**TASK INSTRUCTIONS:** Would you output the lines from the one with "Rafia Cubrecerco Plástico" through the last line of the material below, exactly, but without pictures?
INFORMATION SHOWN Start Marker
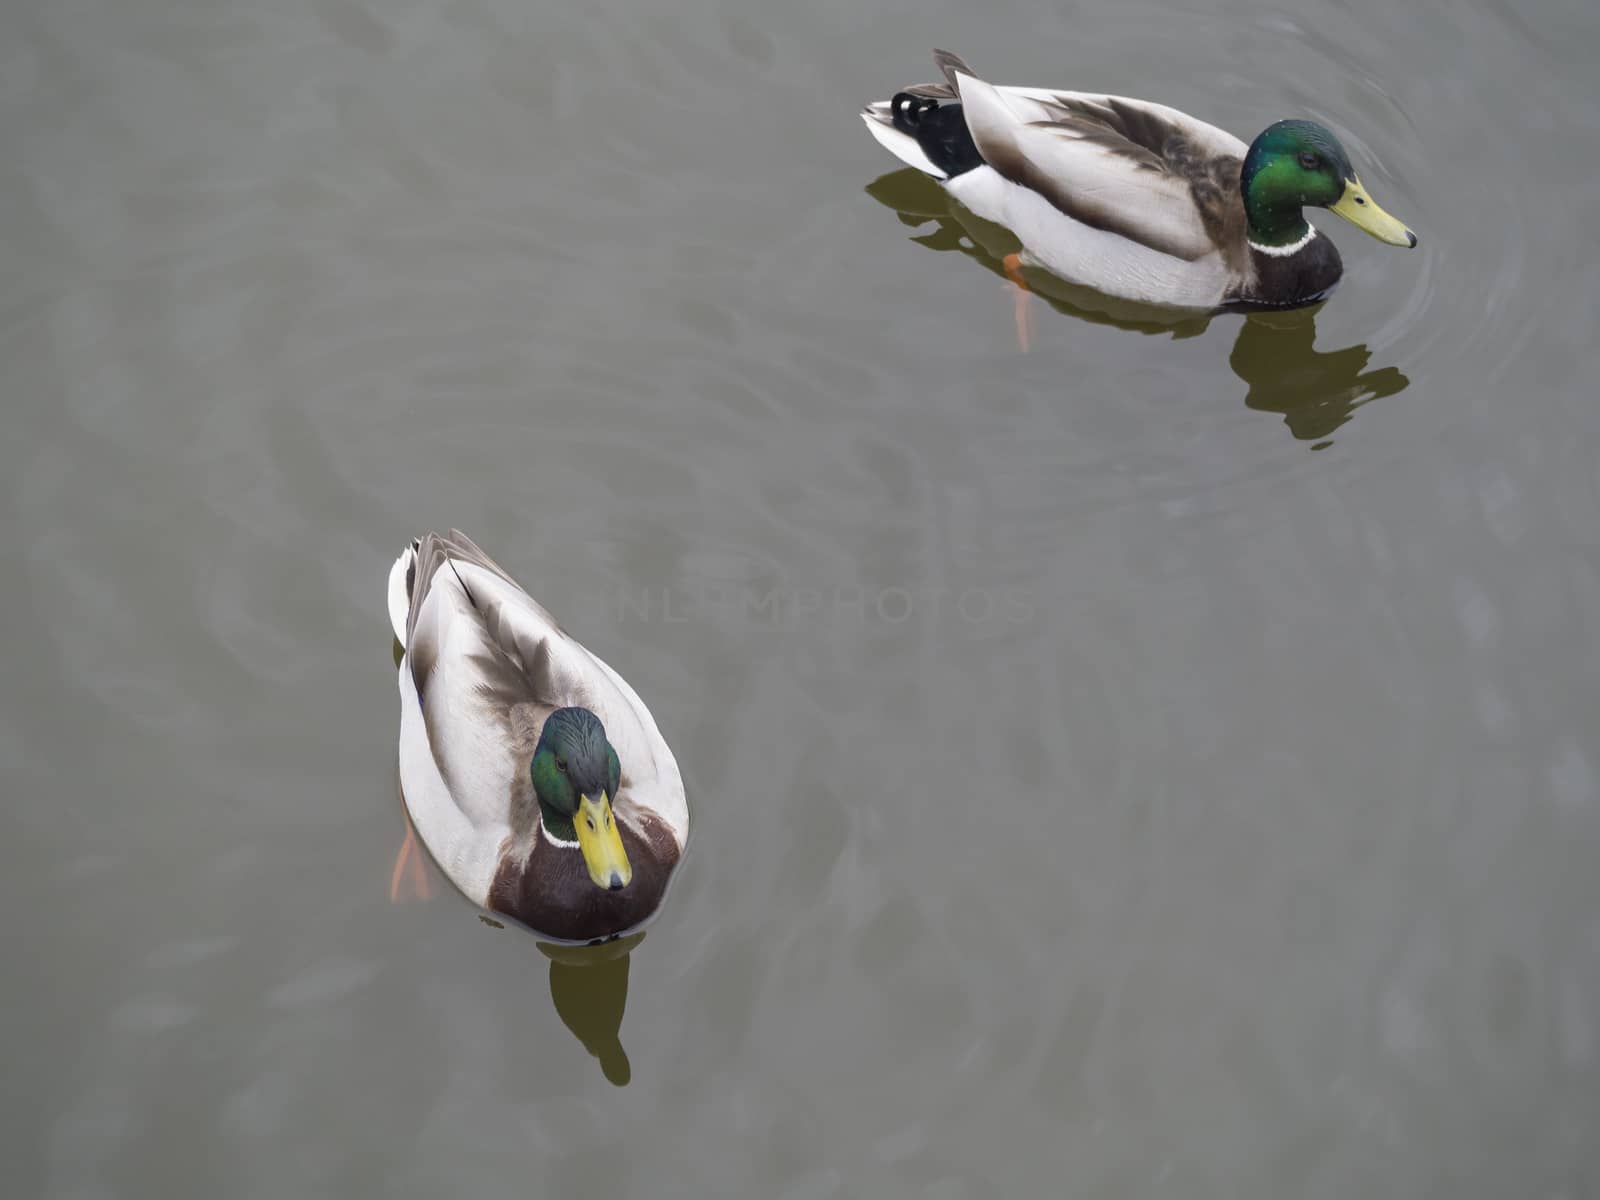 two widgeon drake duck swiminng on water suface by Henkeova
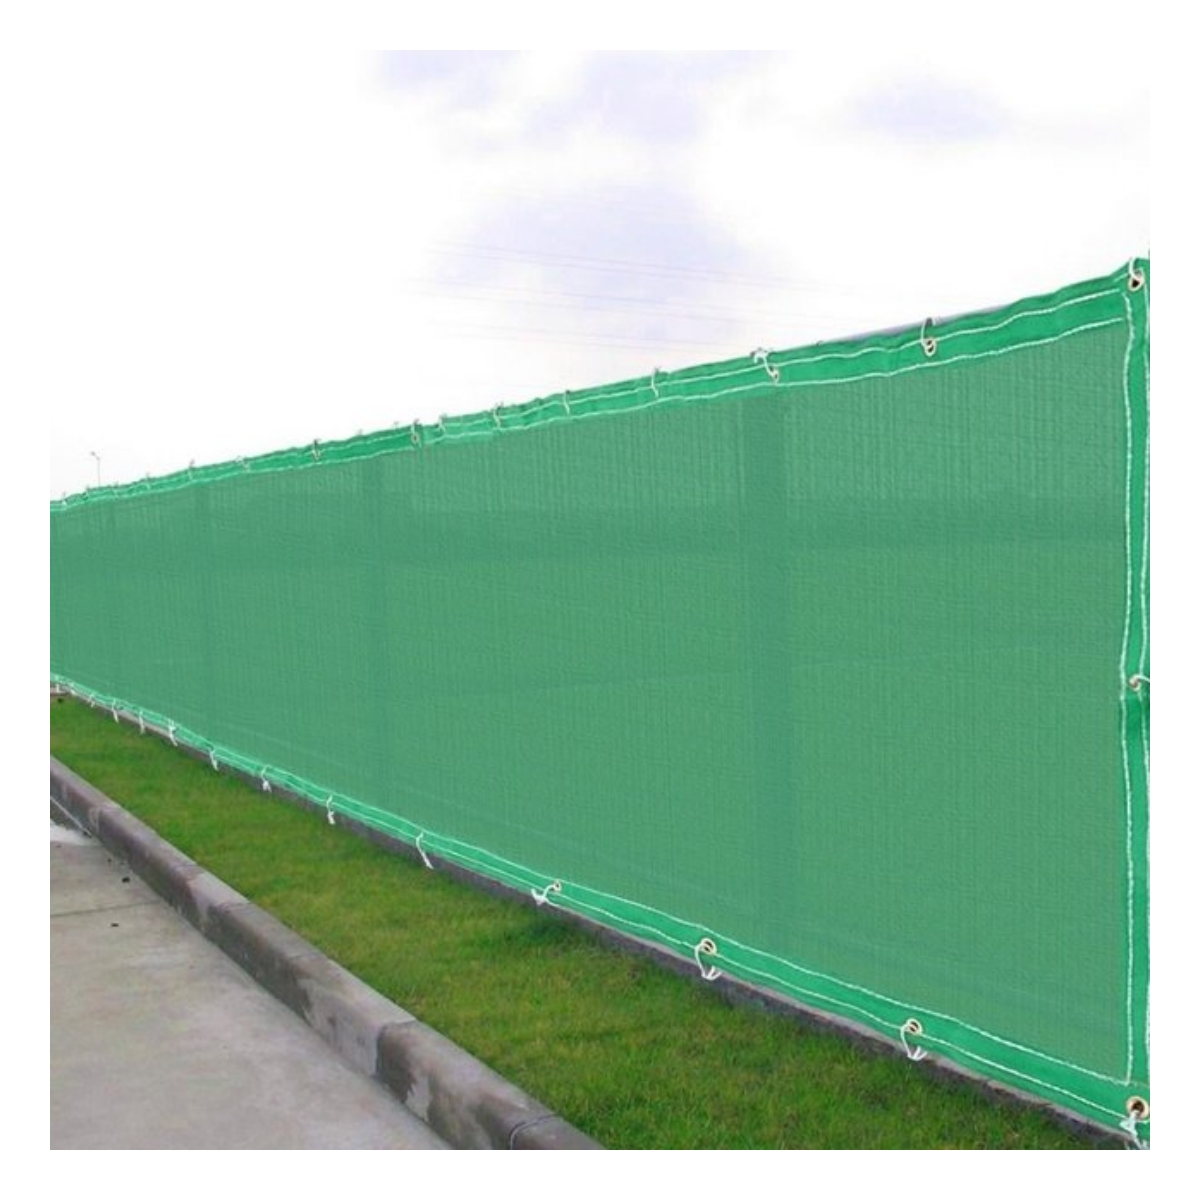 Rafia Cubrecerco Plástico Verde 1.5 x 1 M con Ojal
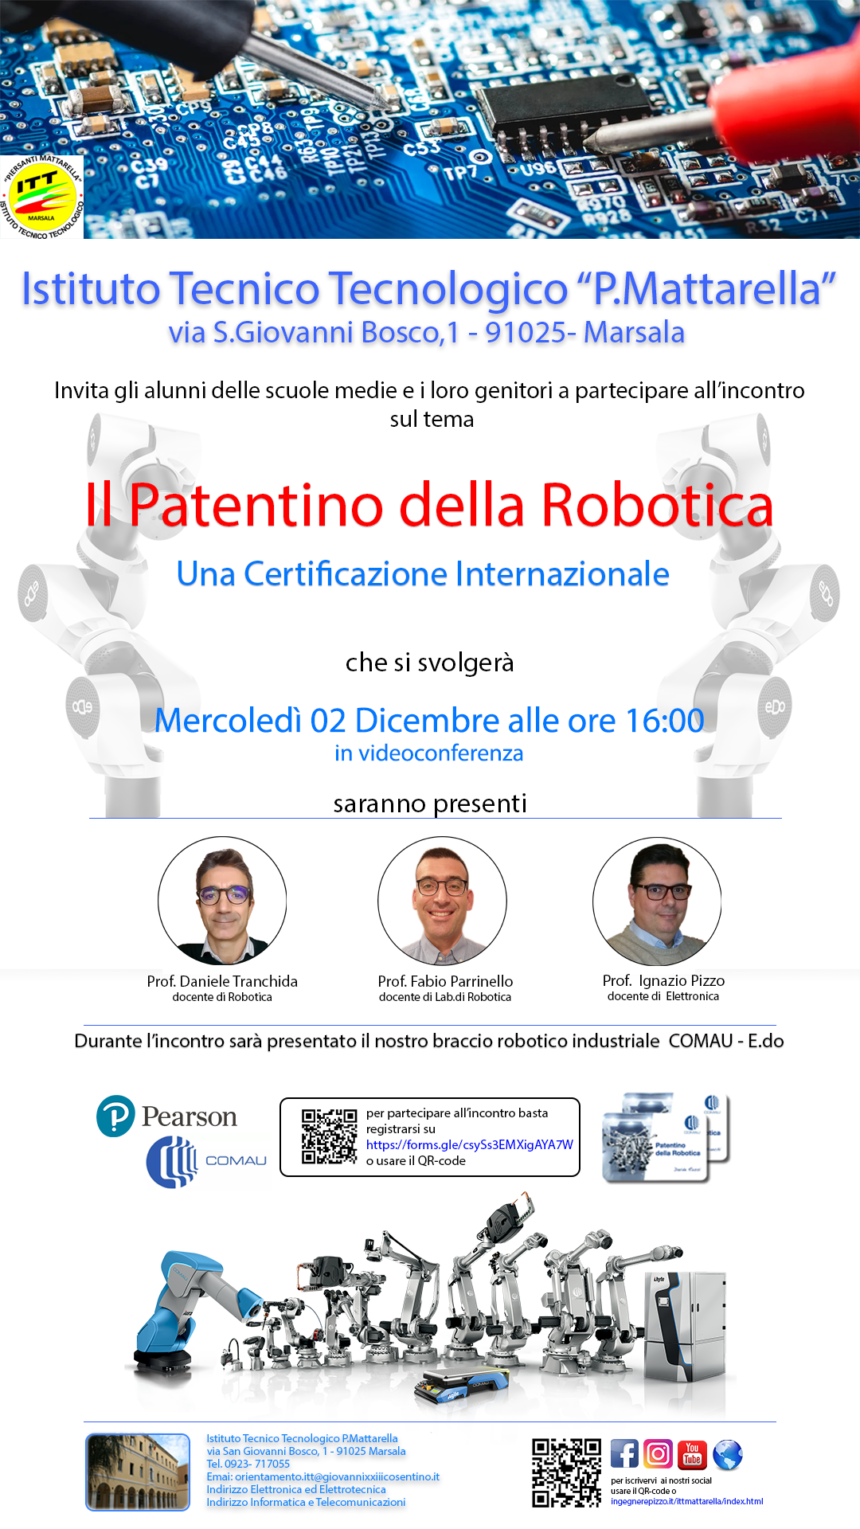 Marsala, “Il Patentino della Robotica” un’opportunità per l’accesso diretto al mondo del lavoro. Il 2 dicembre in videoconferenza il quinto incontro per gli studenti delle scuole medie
INFORMATION SHOWN End Marker
**EXERCISE SOLUTION:**
 Rafia Cubrecerco Plástico Verde 1.5 x 1 M con Ojal
 Marsala, “Il Patentino della Robotica” un’opportunità per l’accesso diretto al mondo del lavoro. Il 2 dicembre in videoconferenza il quinto incontro per gli studenti delle scuole medie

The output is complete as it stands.